Very technical electrical modification to the throttle peddle question !

richj

Deactivated Account
I would guess there are two sensors, one for down, and one for up. That way, it doesn't matter if the input voltage changes because the ecu can 'work out' 1/4 down + 3/4 up, 1/2down 1/2 up etc. Probably vastly more complicated than that, but there my ten pence worth ;)

this is the reason.
 

MSG2

Deactivated Account
Arnold, thanks mate, as I said I have come on here to help too, I am an electronics engineer, and have been making designing and manufacturing various electrical gadgets that I have sold all over the world, and I am indeed very cool about the whole issue, time and again I have tried explaining as best as I could but obviously if Ed or richj don't want to agree with my idea and heavily criticise it then there is very little I can do about it.

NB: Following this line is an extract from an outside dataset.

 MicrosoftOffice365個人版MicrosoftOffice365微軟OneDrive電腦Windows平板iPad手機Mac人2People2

So I rest my case now and see if Ed or Richj can come up with alternative ideas and deliver the products.

I have delivered a solution and know it will work, but the engine needs to be under a slight load such as you would get some loading on the engine when trying to balance the car around a biting point. Blazerboy has alraedy stated that there is a marked difference now in the response than before.

So I am calm, I have no problems or any personality issues either.
 
Yes, i don't think the graph is that accurate, as the car did feel better with 4 diodes, but i am thinking that the reason could be because the part of the trac now in use ( the bit after 2mm) might have a shallower curve on it? poss, i dont know. at one point ( dont laugh ) i considered scraping some of the outer edges of the track to raise the resistance at the start... lol but i am sure it wouldn't work and i would damage the pedal!!

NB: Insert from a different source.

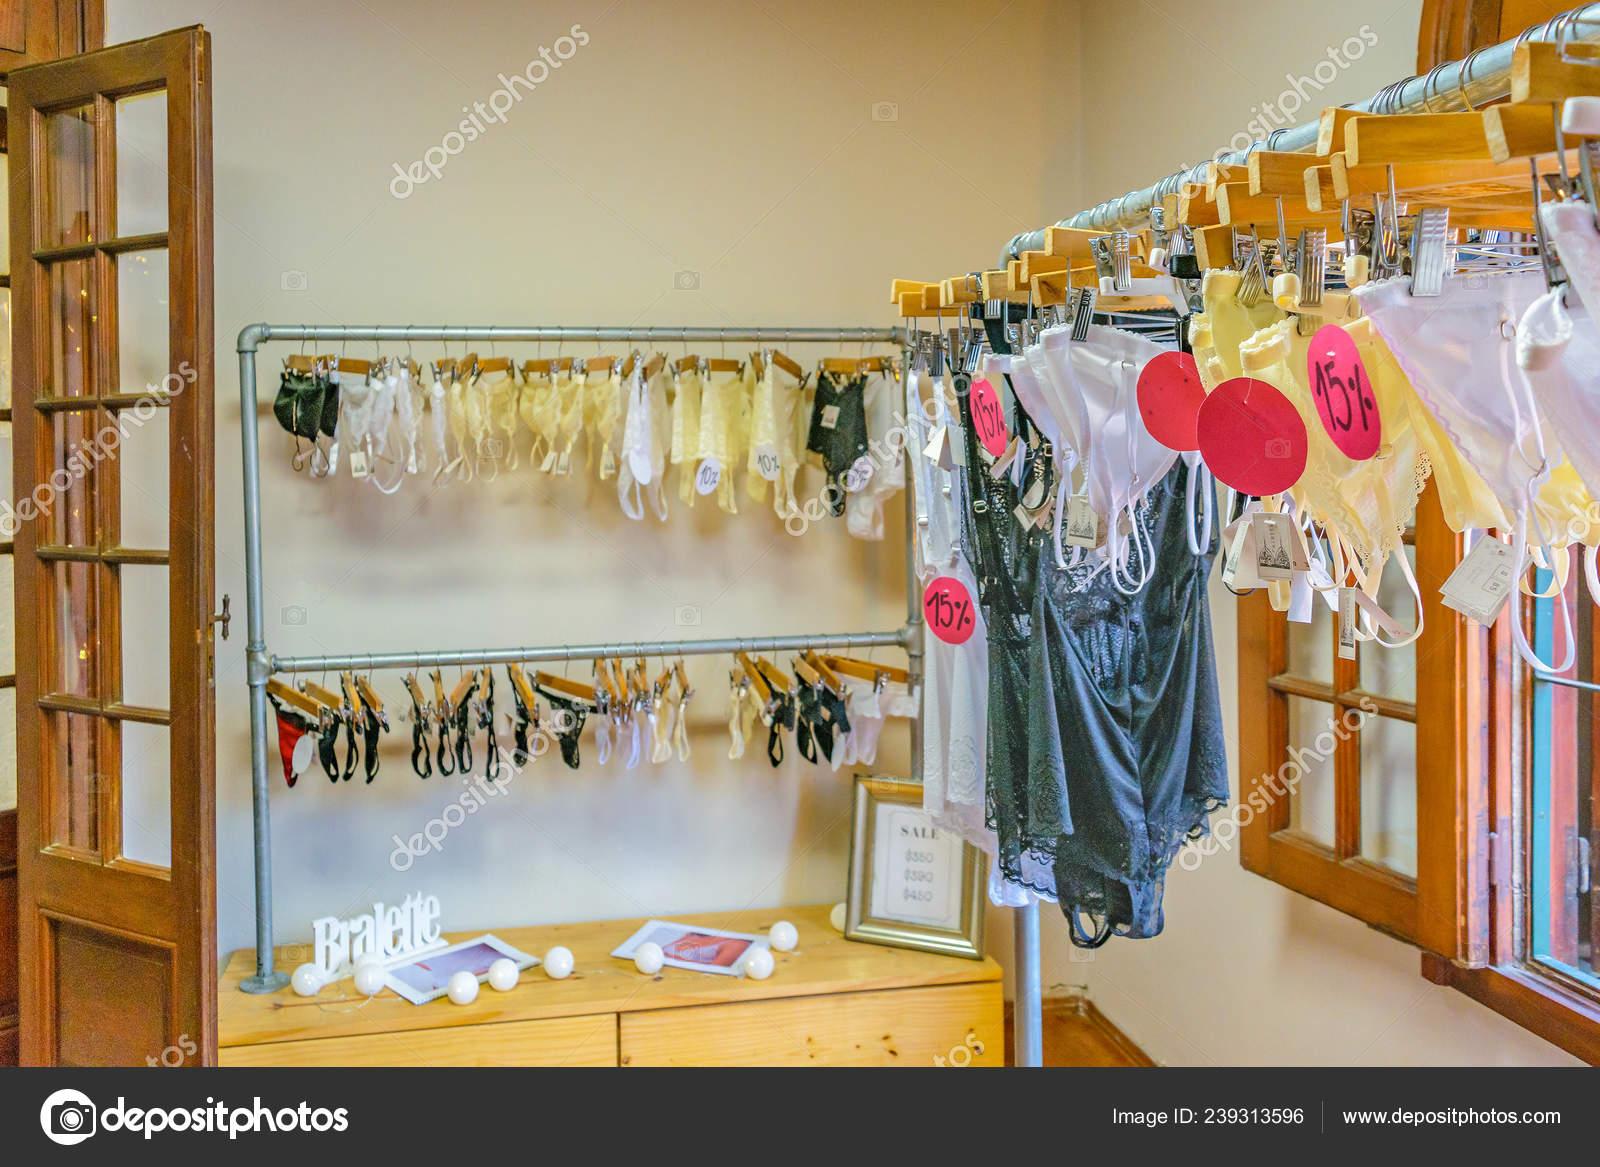 Empty Interior View Small Clothing Store Boutique Montevideo City Uruguay Stock Photo C Danflcreativo 239313596

but the engine needs to be under a slight load such as you would get some loading on the engine when trying to balance the car around a biting point.

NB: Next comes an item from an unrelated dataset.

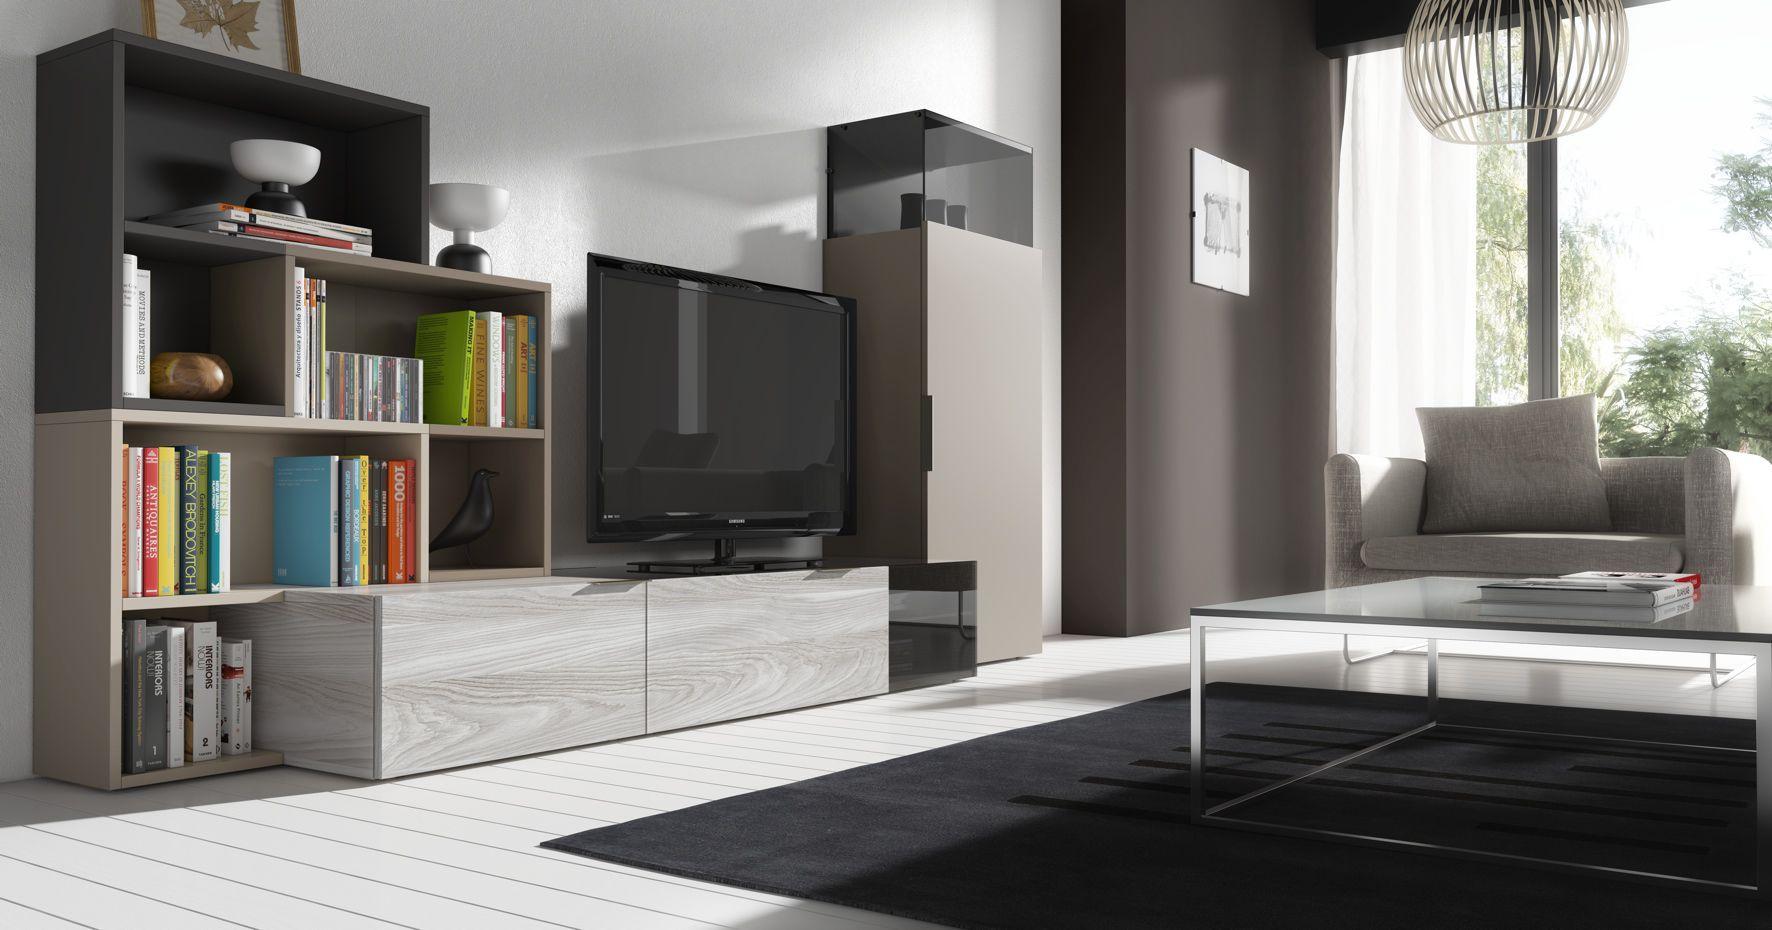 Contemporary Tv Wall Unit Lacquered Wood Iline 4 Piferrer # Muebles Piferrer Iline

Hi, i must make this clear, the problem i have is WITHOUT load.... the problem is the revs before the clutch comes up. i need to calm it down with free reving of the engine, the way i show the the biting point for the first time is "Press the clutch all the way down, set the gas a little, then slowly, very slowly rase the clutch pedal. This is where the problem is BEFOER the bite is found... they either find the bite with no revs and stall it or rev it right up 5000. Frazer
 

MSG2

Deactivated Account
Yes, i don't think the graph is that accurate, as the car did feel better with 4 diodes, but i am thinking that the reason could be because the part of the trac now in use ( the bit after 2mm) might have a shallower curve on it? poss, i dont know. at one point ( dont laugh ) i considered scraping some of the outer edges of the track to raise the resistance at the start... lol but i am sure it wouldn't work and i would damage the pedal!!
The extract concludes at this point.